Well, okay Nick, I’m still not really sure why we should care about this?
Alright, let me slap ya with a bit of C enlightenment and Go knowledge. When you create a variable, in this example
we’ll just say we are talking about C, as the type int
what is the size of that variable? Well, instead of just
talking about it, let’s just write a C program that will tell me. In C, we have a built-in sizeof
that will tell us
the byte size of a particular type.
#include <stdio.h>
int main()
{
int a;
printf("%lu\n", sizeof(a));
return 0;
}
./a.out
4
The CPUs that I’m using on my machines are all x64 Intel chips. We wrote an example C program that creates a integer
variable as an int
, and it looks like the default size for an integer variable is 4 bytes on my hardware. Alright,
what about the size of an int *
(integer pointer)?
#include <stdio.h>
int main()
{
int *a;
printf("%lu\n", sizeof(a));
return 0;
}
./a.out
8
Interesting, it appears that the size of an integer pointer is 8 bytes on my hardware. To compile these programs, I’ve
been using clang and by default the compiler will use whatever architecture size you currently using unless
specified otherwise. We can actually compile a 32-bit program instead of a 64-bit program by adding the flag -m32
in
order to see the pointer size will indeed change based on the bit size of the program that we are compiling.
#include <stdio.h>
int main()
{
int *a;
printf("%u\n", sizeof(a));
return 0;
}
clang -o main-32 -m32 main.c
./main-32
4
The Void *
In C, there is a lot of trust between the language and the programmer that is using the language. We have the ability
to take any type and cast it to a different type without any strong type checking like we might have with Go’s type
assertions. An interesting thing that you can do in C is type cast a pointer to be a void *
(void pointer), but what
does it mean to have a variable that points to the type of void
? Well, it basically means that you have an untyped
pointer that you can’t dereference.
#include <stdio.h>
int main() {
void *a;
int b = 128;
a = &b;
*a = 256;
return 0;
}
clang main.c -o main-64
main.c:7:6: error: incomplete type 'void' is not assignable
*a = 256;
~~ ^
1 error generated.
Well, why is this useful, Nick, you smooth brain crayon eater?

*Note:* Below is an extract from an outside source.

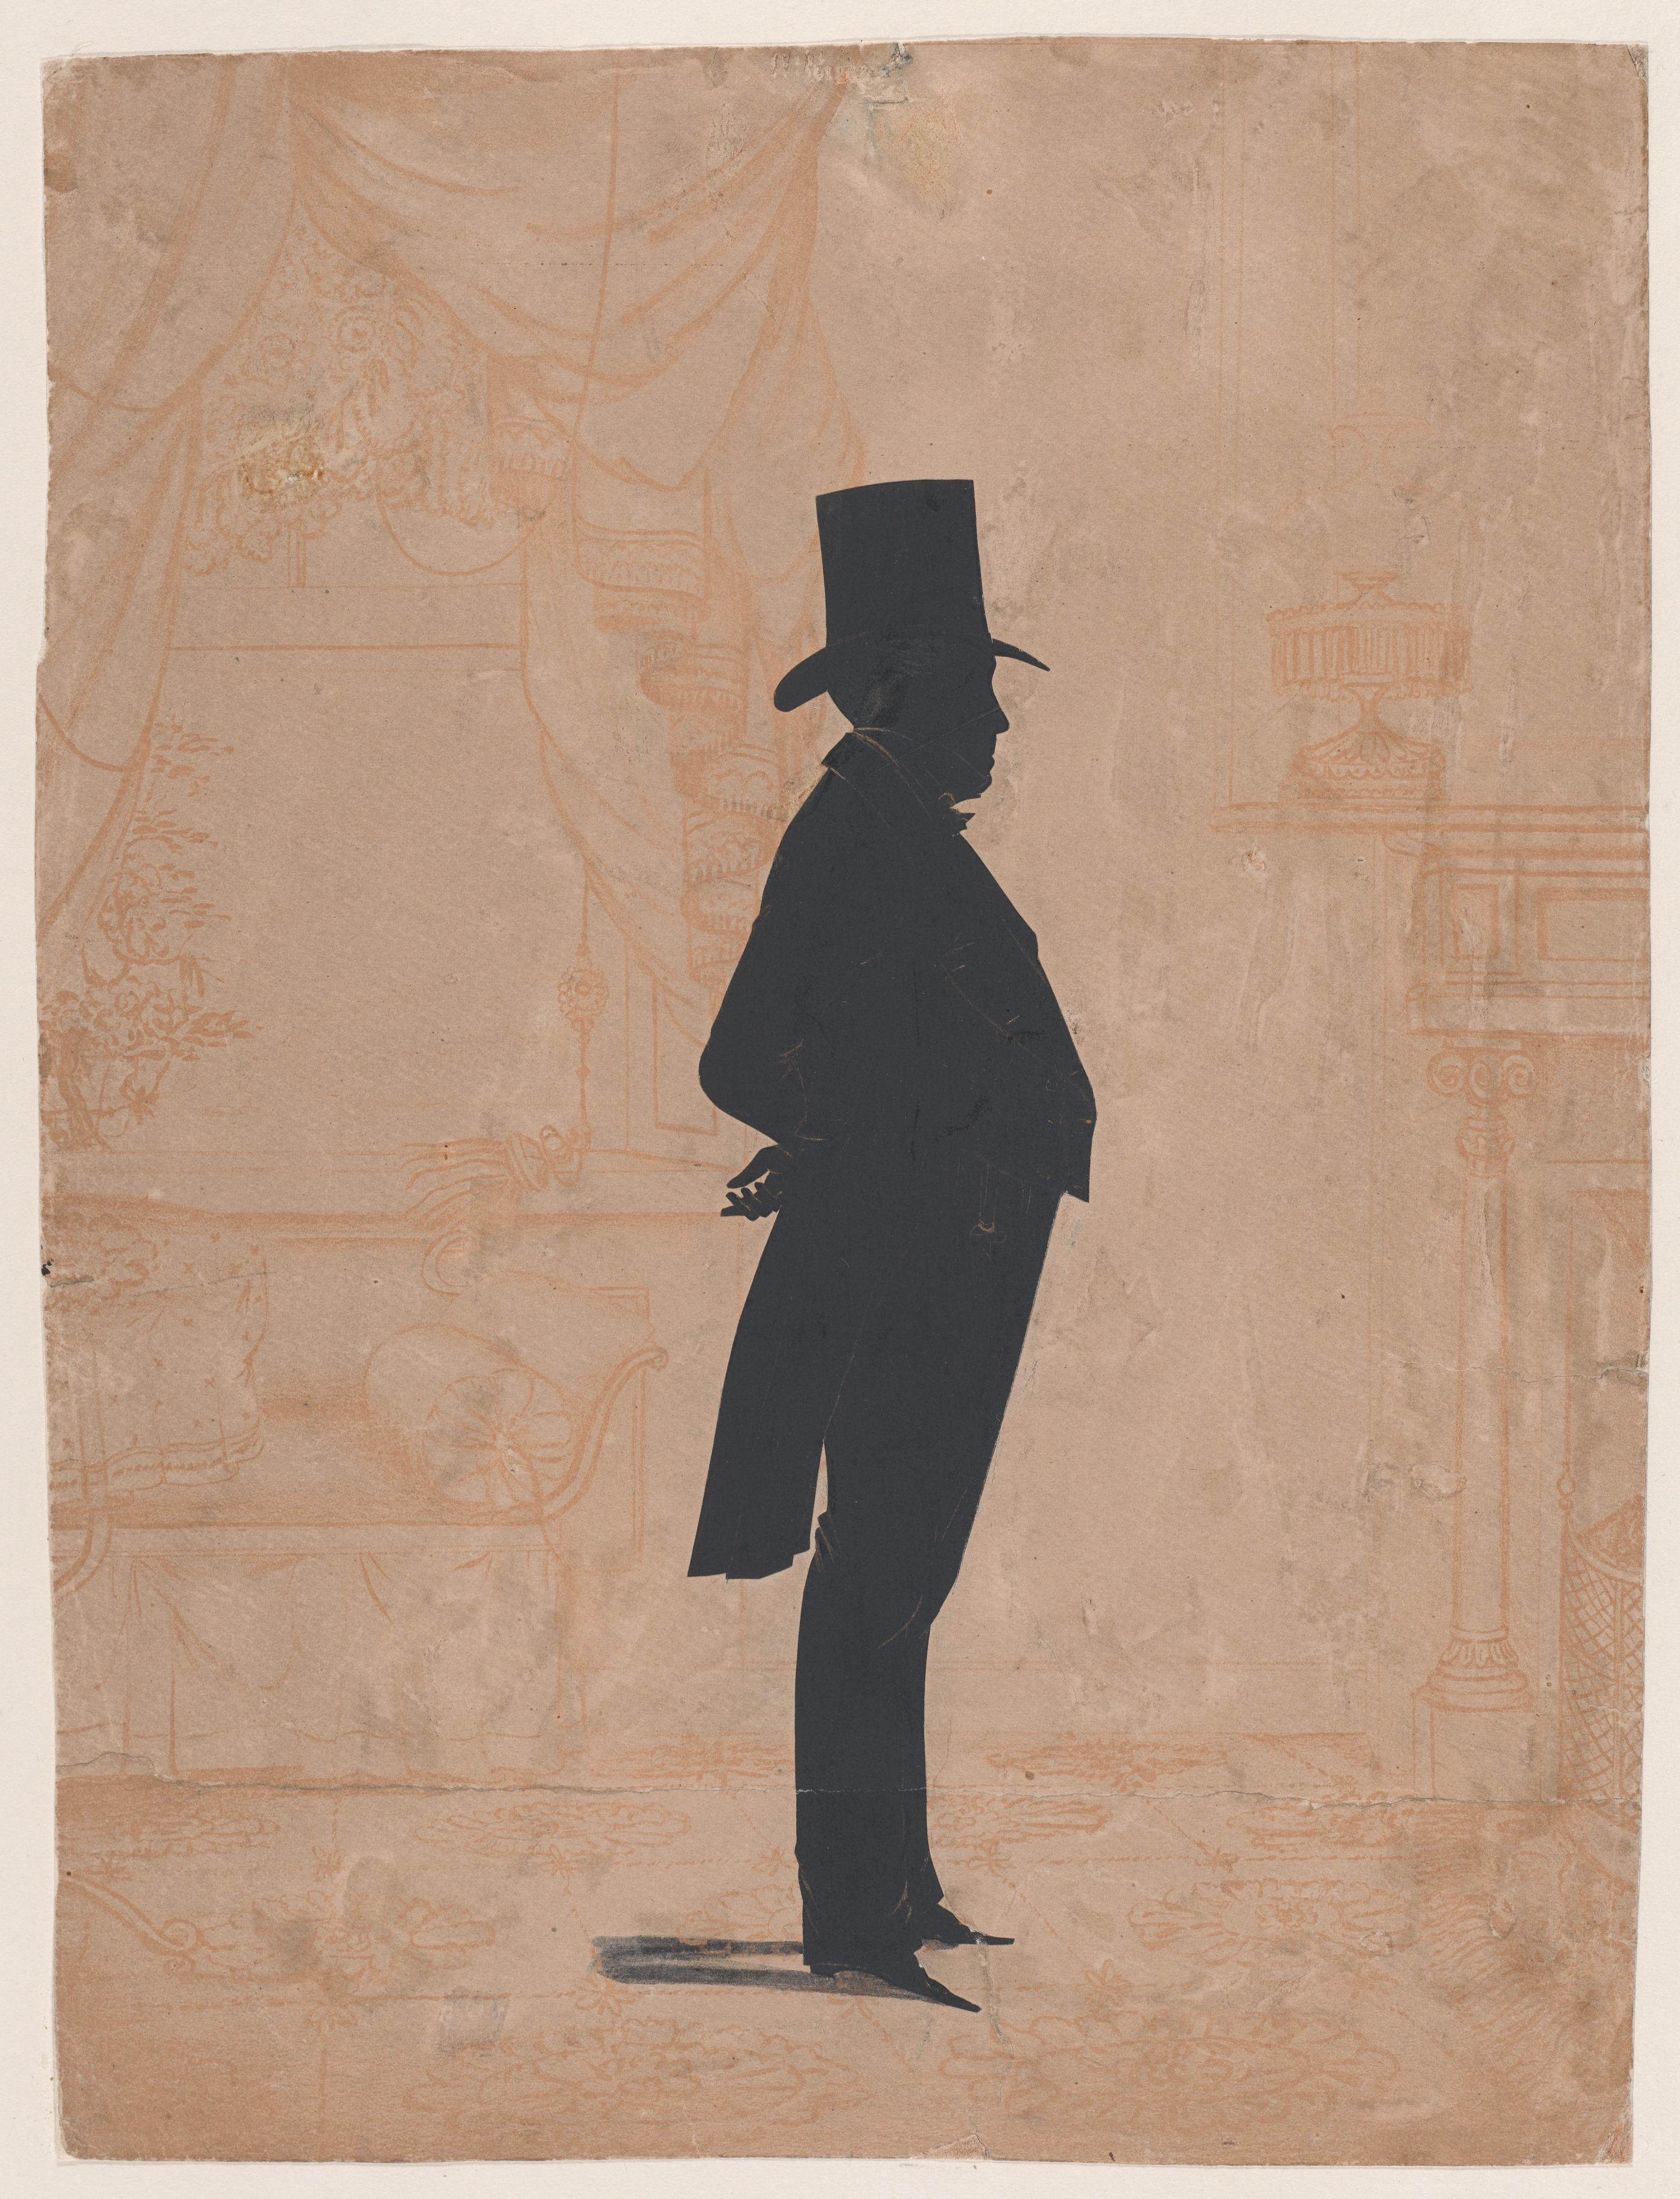 Possibly by William Henry Brown, Silhouette of an unknown man in a top hat  and tails

It’s used to represent an abstract type that can be explicitly or implicitly cast to another type. This can be useful
when we want to give some control to the consumer of an API that we might have created. For instance, take a look at
the function prototype for malloc
, the return type should be a void *
. This is the reason why you would have to
cast the result of malloc
to the expected pointer type.
Holy Func, that’s unsafe
In the simplest terms, the Go unsafe
package gives us, as programmers, more control of our programs by side stepping
the safety of the Go type system. Just like the sizeof
built-in in C, Go offers a similar operation as
unsafe.SizeOf
.
package main
import (
"fmt"
"unsafe"
)
func main() {
var x int
size := unsafe.Sizeof(x)
fmt.Printf("%d\n", size)
}
Once again, the Go compiler allows us to choose the target architecture type that we are compiling to. If you’re on a
x64 machine, you can target x86 (32-bits, GOARCH=386
) or x64 (64-bit, GOARCH=amd64
) which will change the default
size of this of our pointer types. Another topic that’s important when we’re talking about dealing with lower level
code is alignment, structure padding, and structure packing. Let’s start with an example in C, and then we will
recreate a similar example in Go.
#include <stdint.h>
#include <stdio.h>
typedef struct _a {
int32_t FieldOne;
int64_t FieldTwo;
} A;
int main() {
A a = {};
printf("%ld\n", sizeof(a));
return 0;
}
Before compiling this code, let’s take a look at the structure we have defined. The structure A
contains two fields
a int32_t
(32-bit signed integer) and a int64_t
(64-bit signed integer), so that should be 4 bytes plus 8 bytes for
a total of 12 bytes for this structure, right? Well, turns out that in certain scenarios the compiler will choose the
optimal data alignment for the compilation target because it usually more efficient when
to store and load values from memory when they are properly aligned.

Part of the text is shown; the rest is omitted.